Office for Students

Agency overview
- Formed: 1 January 2018
- Preceding agencies: Higher Education Funding Council for England, Office for Fair Access; Universities Funding Council, Polytechnics and Colleges Funding Council (1988–92);
- Type: Non-departmental public body
- Jurisdiction: England
- Headquarters: Bristol; London;
- Employees: 475 (2024/25)
- Minister responsible: Minister of State for Skills;
- Agency executives: Edward Peck, Chair; Ruth Hannant and Polly Payne, Joint Chief Executives;
- Parent department: Department for Education
- Website: www.officeforstudents.org.uk

= Office for Students =

Public body in higher education in England

The Office for Students (OfS) is a non-departmental public body of the Department for Education of the United Kingdom Government. It acts as the regulator and competition authority for the higher education sector in England.

== History ==
The regulator was established by the Higher Education and Research Act 2017, coming into existence on 1 January 2018. It merged the Higher Education Funding Council for England and the Office for Fair Access, and formally inherited their responsibilities, while 'working in the interests of students and prospective students' and having 'a wider remit ... taking charge of the granting of degree awarding powers and university title.' The OfS inherited HEFCE's funding responsibilities (aside from those for research which passed to United Kingdom Research and Innovation), and OFFA's responsibility for promoting fair access to higher education.

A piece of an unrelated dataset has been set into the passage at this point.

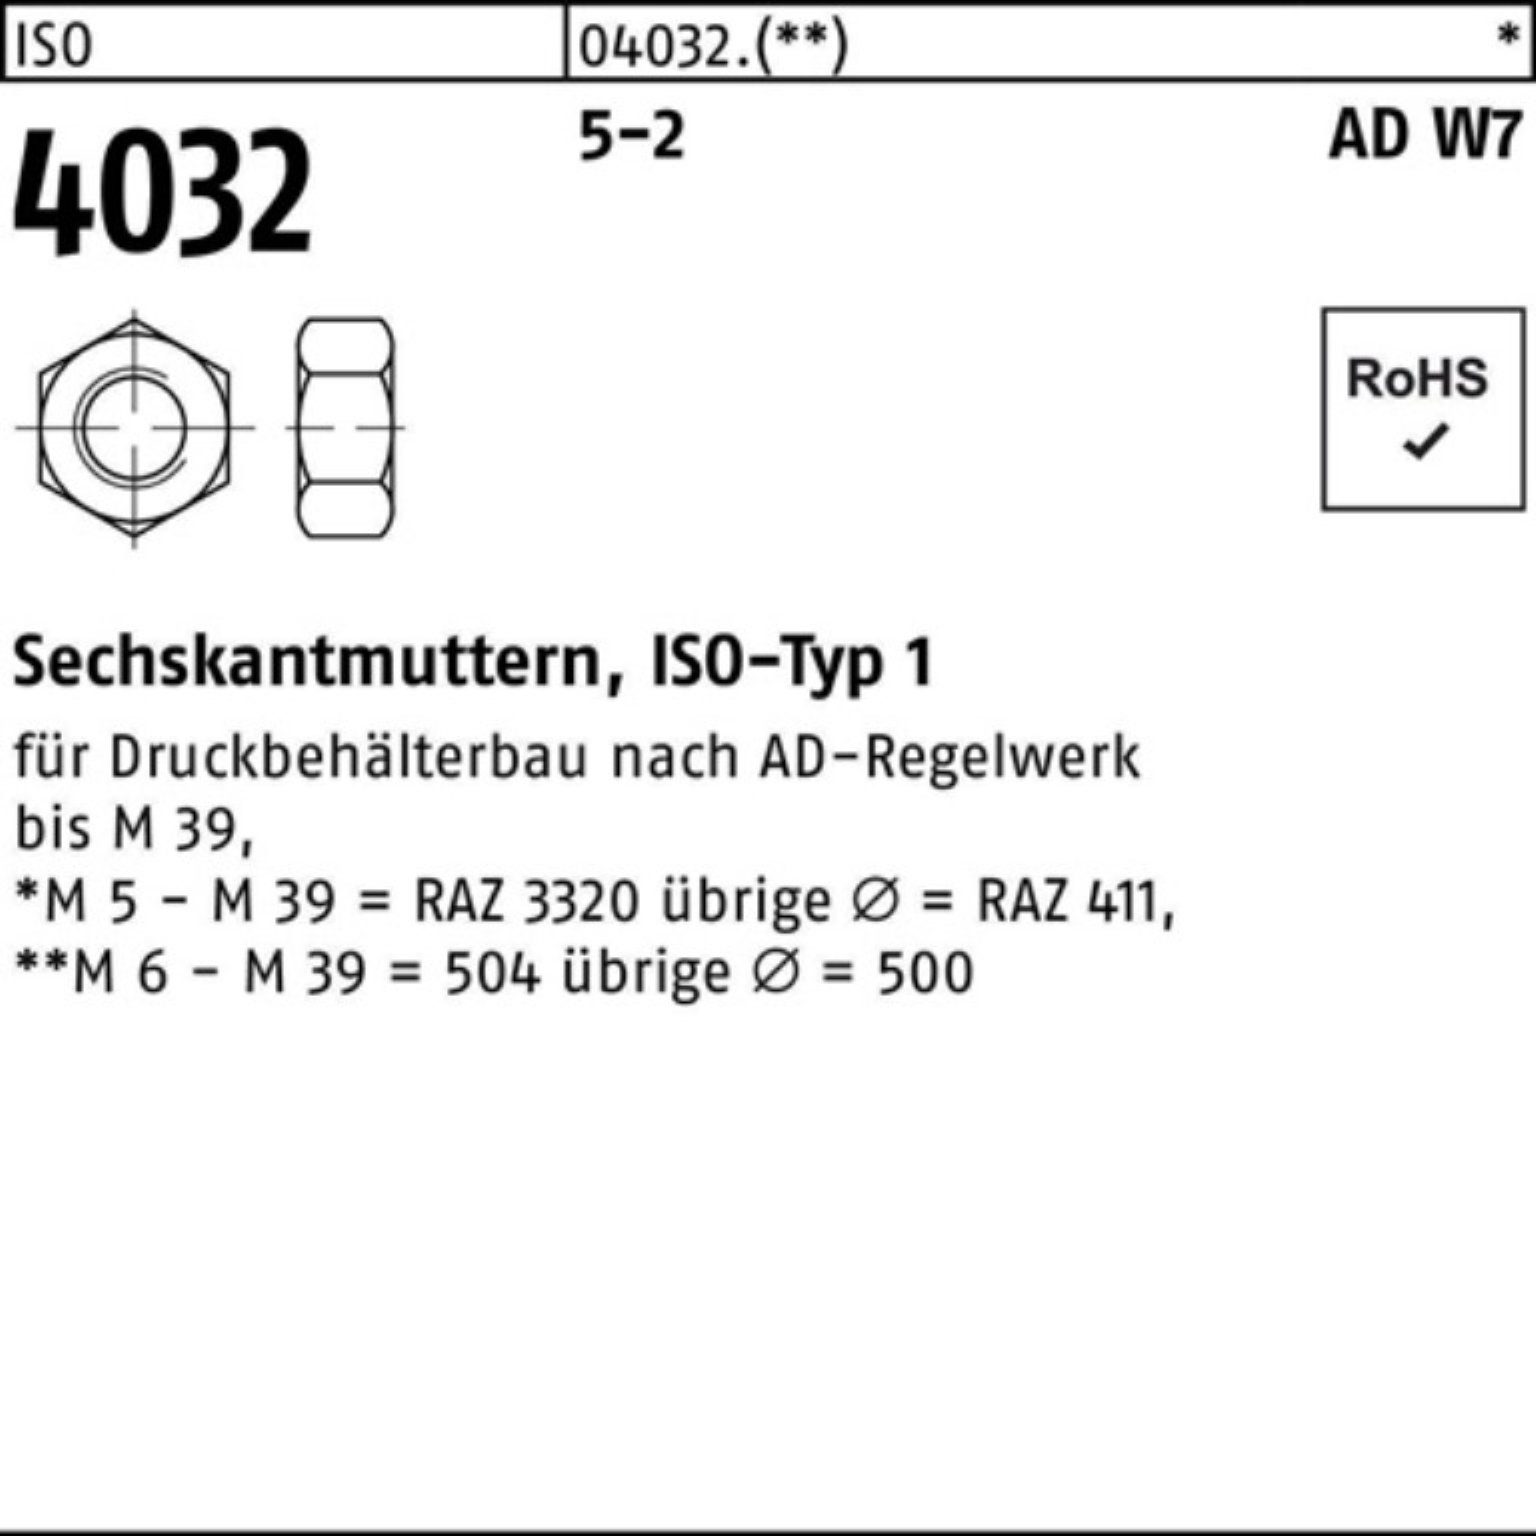 Bufab Muttern 100er Pack Sechskantmutter 4032 Stück 5-2 M8 W7 ISO ISO 4032 AD 100 5

The appointment of Toby Young to the board, announced on 1 January 2018, generated controversy over his suitability for the post. As at 8 January 2018, over 200,000 people had signed an online petition protesting his appointment. In response to questioning, Prime Minister Theresa May declared herself comfortable with his appointment, while the Universities minister defended him in the House of Commons. After criticism from leading Tory MPs, Young resigned on that day, claiming he had been turned into a caricature.

In February 2021, James Wharton, Baron Wharton of Yarm, a Conservative peer, was made the chair and his appointment was endorsed by the Education Select Committee. Shadow Education Secretary Kate Green questioned his experience and suitability for the role, calling his appointment "cronyism". Although it is customary for chairs of independent bodies to resign political affiliations during their period of office, Wharton chose not to resign from the Conservative whip. Wharton resigned in July 2024, following Labour's win in the 2024 United Kingdom general election, prior to the end of his term of office.

==Operations and structure==
The OfS website lists its main areas of work as:
1. Helping students to get into and succeed in higher education.
2. Helping students stay informed.
3. Making sure that students get a high-quality education that prepares them for the future.
4. Protecting students’ interests.
It notes that it is not responsible for tuition fees, students loans or other aspects of individual student funding, and that it cannot usually get involved in individual complaints about universities and colleges.

The OfS's other functions include the administration of the Teaching Excellence Framework and the Register of higher education providers. It is responsible both for administering the prevent duty and for ensuring that universities allow freedom of speech for controversial guest speakers.

===Leadership===
The OfS is governed by a board consisting of the chair, the Chief Executive, the Director for Fair Access and Participation, and at least seven and not more than twelve other members. All members of the board are appointed by the Secretary of State for Education. The OfS chair from 2021 to 2024 was Conservative peer James Wharton, who resigned following the 2024 General Election, and since July 2025 has been Edward Peck. Ruth Hannant and Polly Payne were appointed as joint chief executives with effect from 15 June 2026.

The board is advised by a Student Panel, which exists to help the OfS to understand students' views and perspectives.

===Accountable officers in education providers===
Registered higher education providers must nominate an accountable officer to the OfS. This is normally the chief executive of the provider, but may be the senior officer responsible for higher education in a provider that also carries out other activities not related to higher education. The accountable officer reports on the provider's behalf to the OfS, the designated data body and the designated quality body. They are personally responsible for funding received from the OfS and Research England and for the loans received from the Student Loans Company on behalf of the provider's students for payment of tuition fees. They can be required to appear before the Public Accounts Committee alongside the head of the OfS to answer questions about the registration and funding of the provider.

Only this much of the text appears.